Cop27 in Egitto: il Paese ospitante, una minaccia di diritti e libertà

 La 27ma Conferenza delle Parti (COP27) inizia a breve nella paradisiaca località balneare di Sharm el Sheikh, in Egitto.

Il paese ospita una nuova sessione di negoziati sul clima che si concentrerà in particolare sulle perdite e sui danni causati dai cambiamenti climatici. Si tratterà anche di aumentare il livello di ambizione climatica delle Parti attraverso il loro determinato contributo nazionale (NDC).

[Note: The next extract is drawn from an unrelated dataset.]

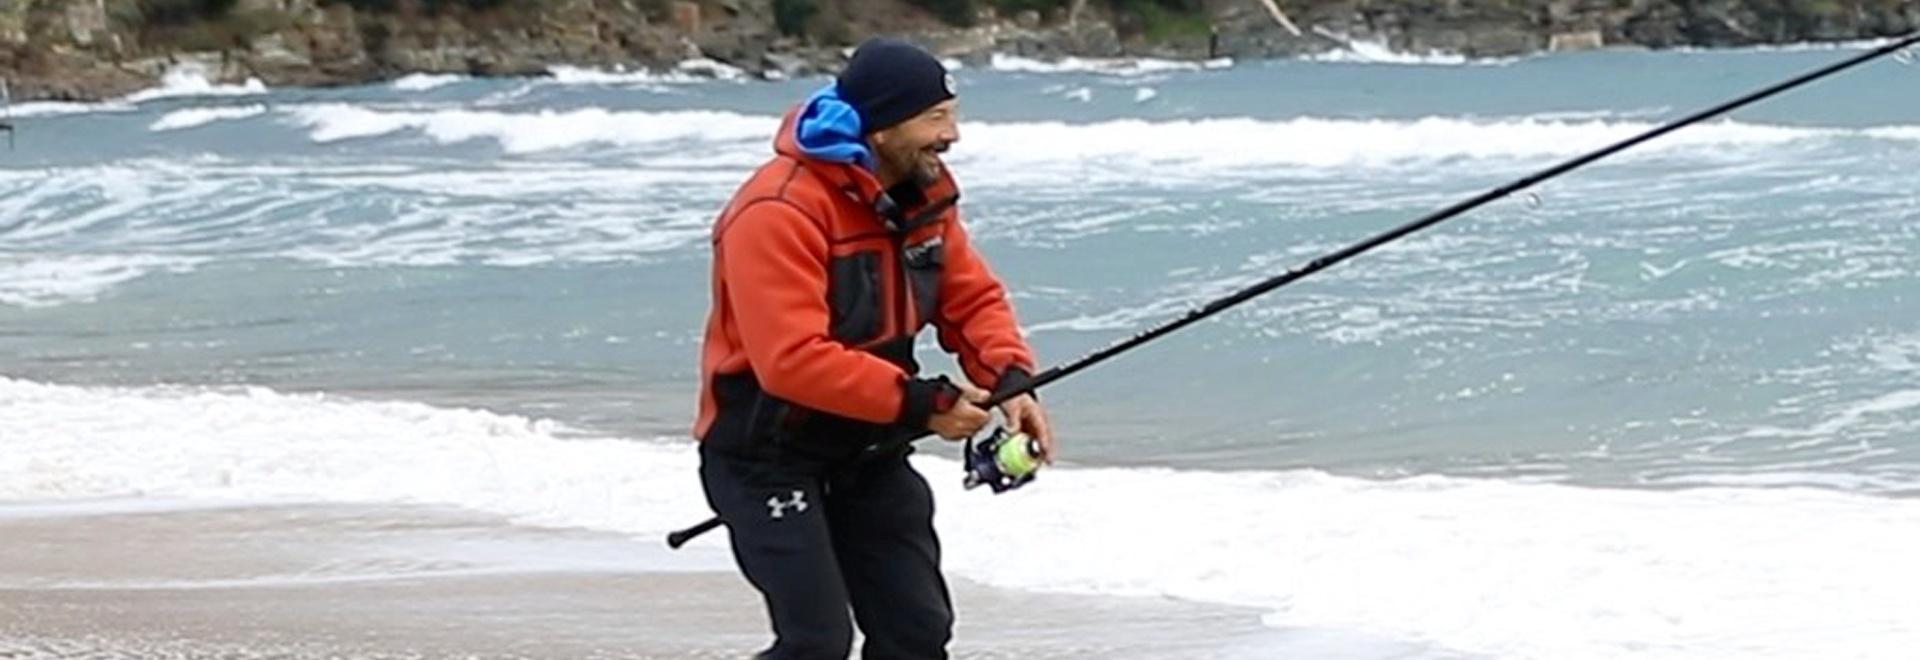 Surfcasting Specialist

È un meccanismo risultante dall’Accordo di Parigi e che riunisce tutti gli impegni climatici a cui uno Stato aderisce, in particolare in termini di riduzione delle emissioni di gas serra (GHG) e adattamento ai cambiamenti climatici. .

Tuttavia, al di là di questo grande incontro internazionale sull’azione per il clima, c’è un’ombra sul tabellone: ??i diritti umani. La conclusione è inequivocabile: l’ospite della COP27, l’Egitto, se la cava male in questo ambito.

Il Paese guadagna un punteggio anemico del 18% dalla Freedom House nei diritti politici e nelle libertà civili, che lo qualifica anche come non libero. Questo è il punteggio più basso mai ottenuto da un paese ospitante della COP negli ultimi 30 anni.

Gli esperti delle Nazioni Unite si dicono molto preoccupati per la situazione. Il paese ospitante mantiene un profondo clima di paura e sorveglianza, secondo Human Rights Watch, mentre quasi 60.000 prigionieri politici giacciono dietro le sbarre della prigione e sono vittime di atti di tortura.

Il 20 ottobre, l’attivista Greta Thunberg ha persino esortato i suoi follower su Twitter a firmare una petizione che condanna gli abusi in Egitto.

Tutti gli Stati sono obbligati a rispettare, promuovere e proteggere i diritti di ogni individuo senza alcuna discriminazione, ricorda l’Ufficio dell’Alto Commissario delle Nazioni Unite per i diritti umani.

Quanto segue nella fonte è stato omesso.